Could you copy, exactly as written, every line from the first line of the records through the one containing "P41 AMNH 32686 CraOcc"?

Stored items from a collection:
────

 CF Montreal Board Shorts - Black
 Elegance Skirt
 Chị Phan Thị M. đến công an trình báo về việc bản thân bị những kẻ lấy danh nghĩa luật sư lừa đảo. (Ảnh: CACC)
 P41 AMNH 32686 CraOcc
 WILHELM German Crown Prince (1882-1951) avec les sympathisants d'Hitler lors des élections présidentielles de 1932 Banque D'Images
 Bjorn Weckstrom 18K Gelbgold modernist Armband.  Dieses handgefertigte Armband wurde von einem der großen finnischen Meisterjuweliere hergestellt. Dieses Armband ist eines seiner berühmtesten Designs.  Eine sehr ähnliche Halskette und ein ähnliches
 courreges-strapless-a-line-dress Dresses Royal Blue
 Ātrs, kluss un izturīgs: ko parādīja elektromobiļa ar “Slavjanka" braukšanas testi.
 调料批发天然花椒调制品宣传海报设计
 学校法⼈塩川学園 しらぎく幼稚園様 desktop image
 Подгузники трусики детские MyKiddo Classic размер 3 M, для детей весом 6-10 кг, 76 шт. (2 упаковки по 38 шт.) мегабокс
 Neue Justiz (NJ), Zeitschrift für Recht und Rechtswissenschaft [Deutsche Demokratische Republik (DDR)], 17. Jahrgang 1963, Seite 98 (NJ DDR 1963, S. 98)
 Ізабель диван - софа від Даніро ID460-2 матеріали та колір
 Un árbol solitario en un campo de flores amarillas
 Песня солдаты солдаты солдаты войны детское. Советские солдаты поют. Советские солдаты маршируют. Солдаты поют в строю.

────

◆ COMPLETED EXERCISE:
 CF Montreal Board Shorts - Black
 Elegance Skirt
 Chị Phan Thị M. đến công an trình báo về việc bản thân bị những kẻ lấy danh nghĩa luật sư lừa đảo. (Ảnh: CACC)
 P41 AMNH 32686 CraOcc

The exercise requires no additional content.